The endocrine system is comprised of a series of ductless glands that produce hormones that are released into the blood stream. The major hormone-producing glands of the endocrine system include the pituitary, thyroid and parathyroids, hypothalamus, adrenals, pancreas, ovary, and testes. These systems are necessary for normal bodily functions and are instrumental in regulating growth and development, mood, metabolism, sexual function, and reproductive processes. The brain, heart, lungs, kidneys, liver, thymus, skin, and placenta also produce hormones. In order for the hormones to carry out their functions, there must be receptors in the body that respond to the hormones. When a hormone comes in contact with its receptor, it fits together like a key in a lock and the hormone sends a signal to the cell to carry out some function. Hormonal signals may also cascade through complex pathways to an ultimate site of action, with interference at any point having the potential of blocking or changing the intended result.
There are chemicals in the environment that mimic or modify the behavior of hormones. Some of these chemicals act like a hormone and fit the receptor for that hormone stimulating the body to perform some function. Other chemicals can block the receptor so that the hormone cannot reach its target, while others interact with the hormone itself or the gland producing the hormone making it either ineffective in performing its normal function or interfering with the timing of critical events during development. Endocrine disruptors are a diverse group of chemicals including some pesticides, flame retardants, chemicals used in plastics production, cosmetic ingredients, pharmaceuticals, natural products such as plant-derived estrogens and many more. The Prague Declaration on Endocrine Disruption during May 2005 concluded that the existing safety assessment framework for chemicals is ill-equipped to deal with endocrine disruptors. Testing does not account for the effects of simultaneous exposure to many chemicals and may lead to serious underestimations of risk.
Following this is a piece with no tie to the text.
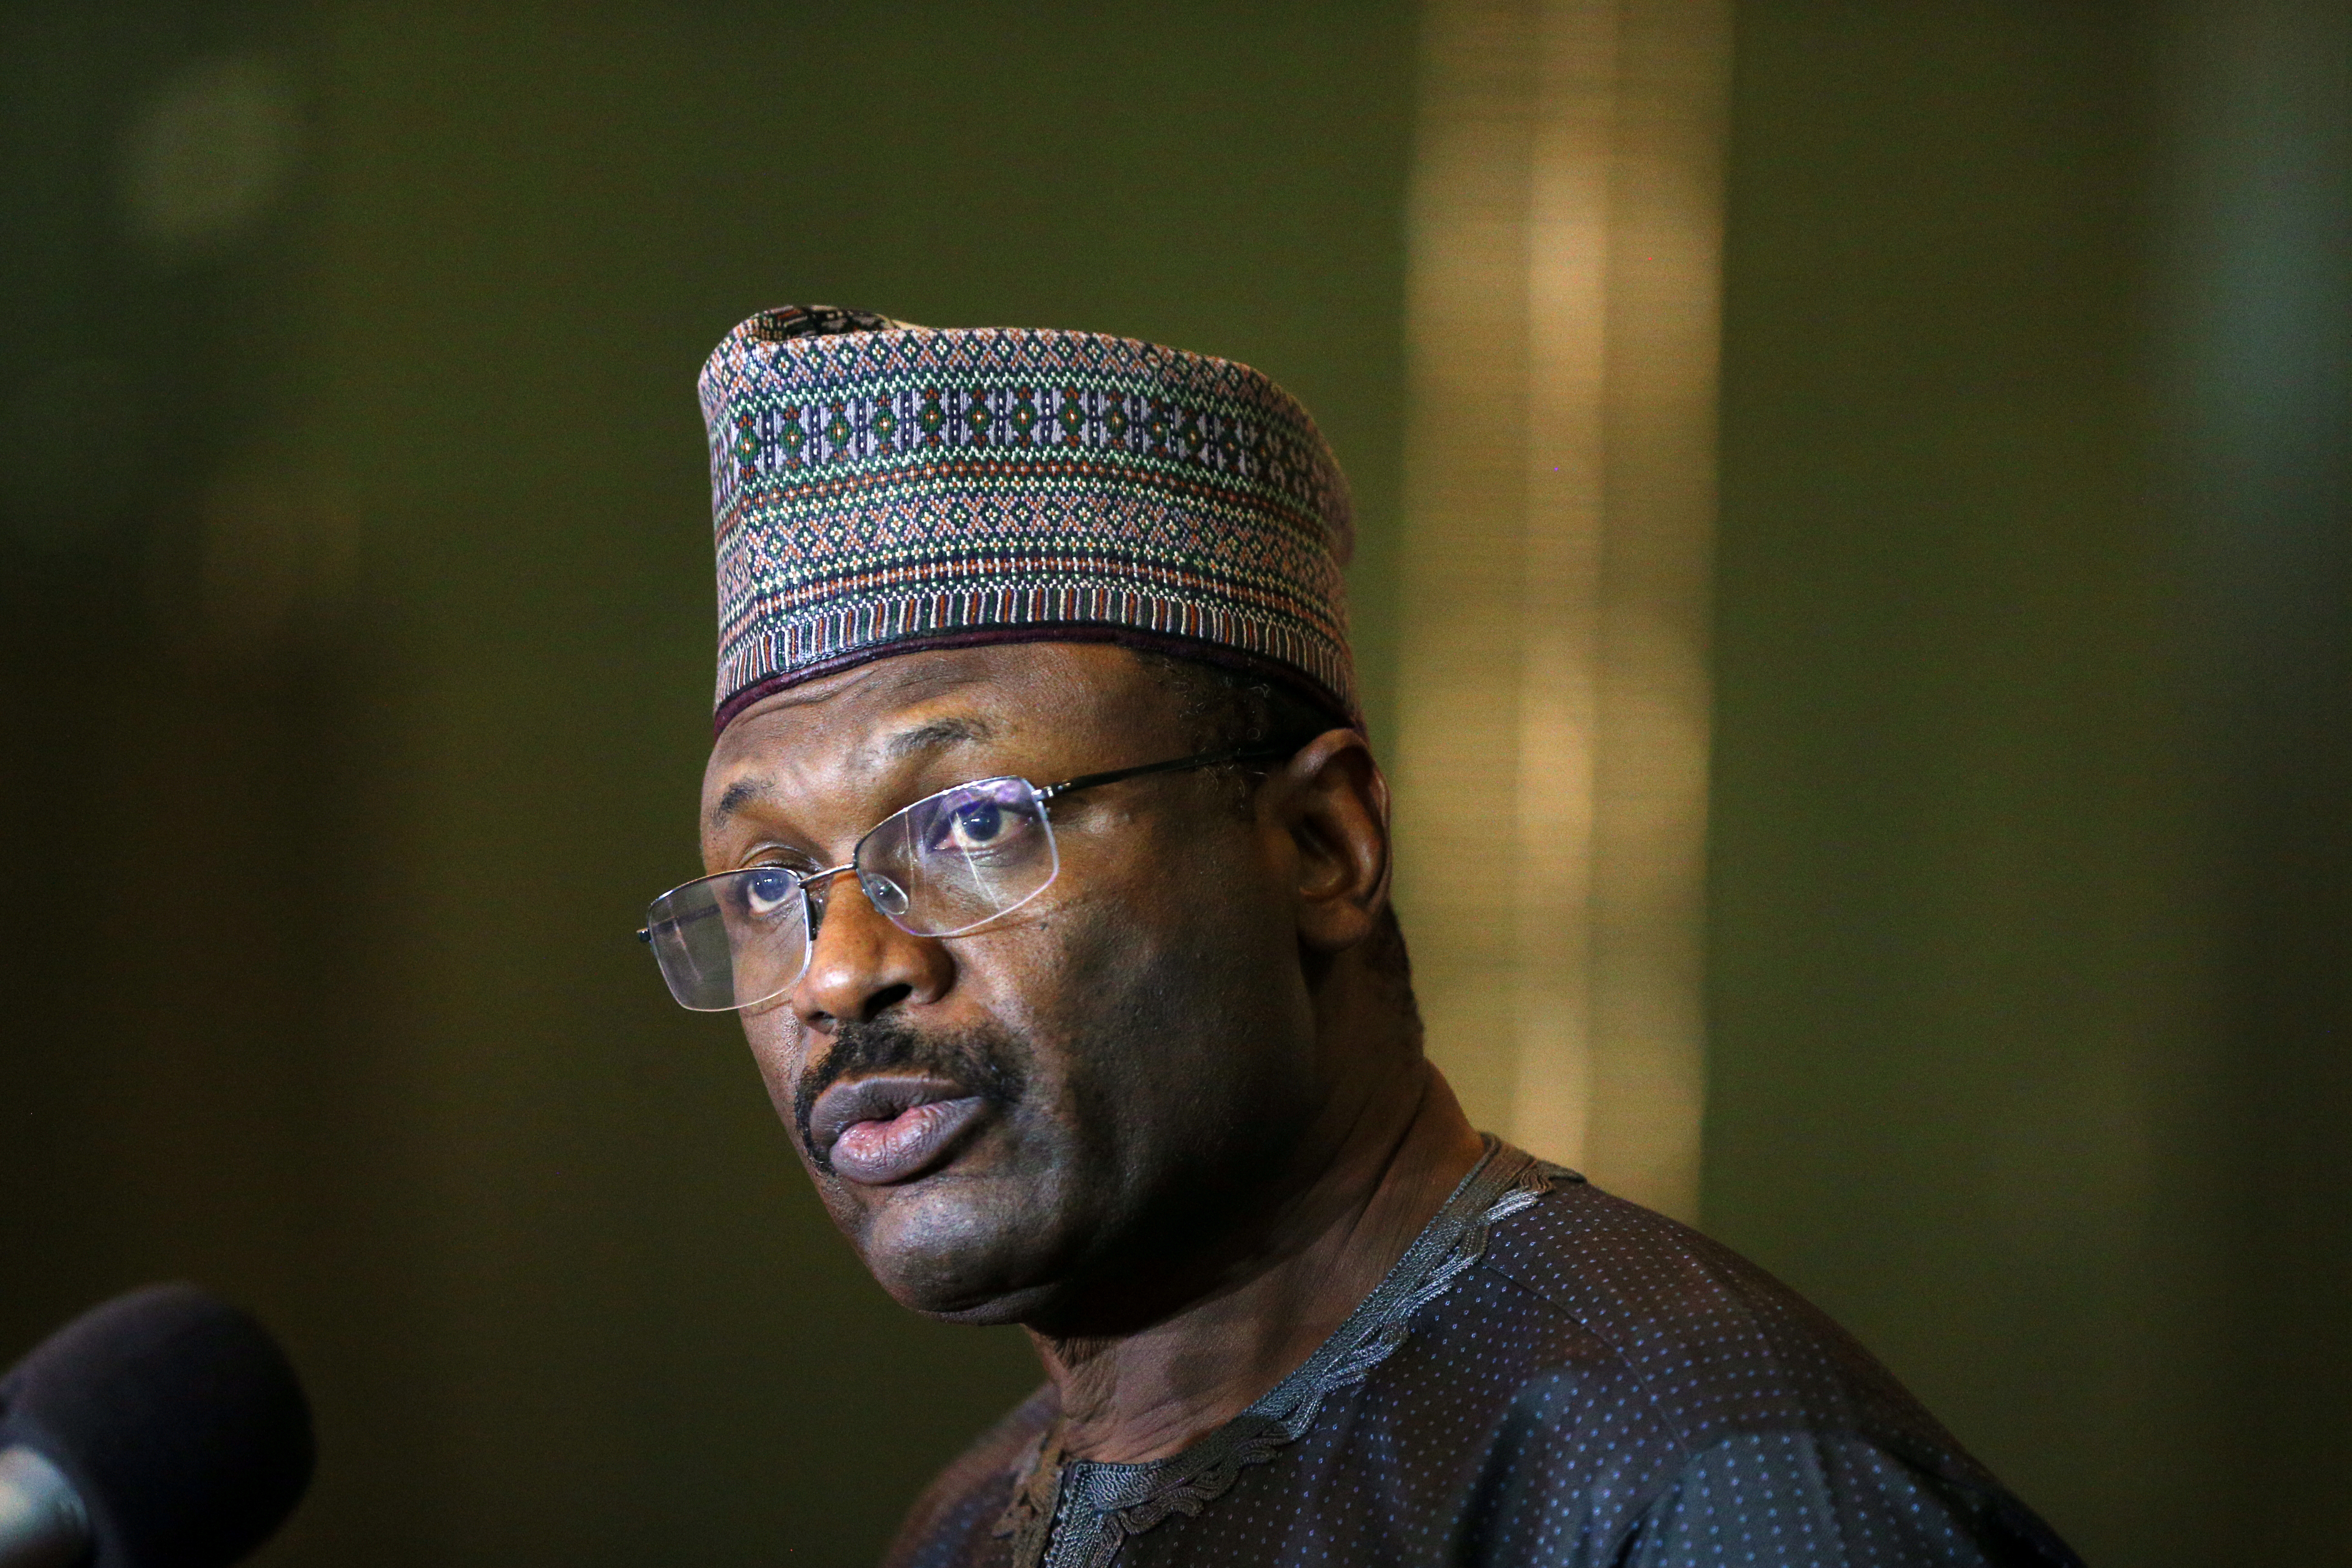 Mahmood Yakubu, Chairman of the Independent National Electoral Commission (INEC) addresses the media after the postponement of Nigeria's presidential election in Abuja

An example of the kind of response that researchers have found in studies of endocrine disruption includes those of male fish exposed to wastewater from sewage treatment plants. In this example male fish were found to produce elevated concentrations of the egg yolk precursor vitello-genin. This is of interest because while male fish can produce vitellogenin, they normally do not because as males they never receive the signal from their endocrine system to produce eggs. Since the male fish normally never receive the signal to produce vitellogenin, the signal must be coming from some exogenous source. It has been known for sometime that pharmaceuticals and personal care products (PPCPs) that are excreted from our bodies through urine and feces contain traces of the drugs and personal care products we are exposed to. One of those products routinely found in wastewater is ethynylestradiol, a synthetic estrogen found in birth control pills and other estrogen therapies. Laboratory studies of male fish exposed to environmentally relevant levels of ethynylestradiol have shown elevated levels of vitellogenin. While this does not point directly to ethynylestradiol in the effluent as the causative endocrine disruptor, it does show that it is one possible chemical causing the observed elevation of vitellogenin. Therefore, the production ofvitellogenin in male fish is a biomarker for exposure to some chemical that is stimulating the production of vitellogenin. The real question then becomes, does the elevated concentration of vitellogenin in the male fish have any negative implications for the populations of fish. Studies of a dosed lake in the experimental lakes area (see the section 'Experimental lakes') that contained well-defined populations of lake trout, white sucker, fathead minnow, and pearl dace showed that males and female fathead minnow and pearl dace showed elevated whole body concentrations of vitellogenin within 7 weeks of the addition of environmentally relevant concentrations of ethynylestra-diol to the lake. Egg development was delayed in the fathead minnow and the pearl dace, testes development was severely impaired and testes-ova (testes containing ovarian tissue) were observed in males of these species. Reproductive failure was observed in both ofthese minnow species during the second year of ethynylestradiol addition, answering, in this example, that population effects were indeed observed.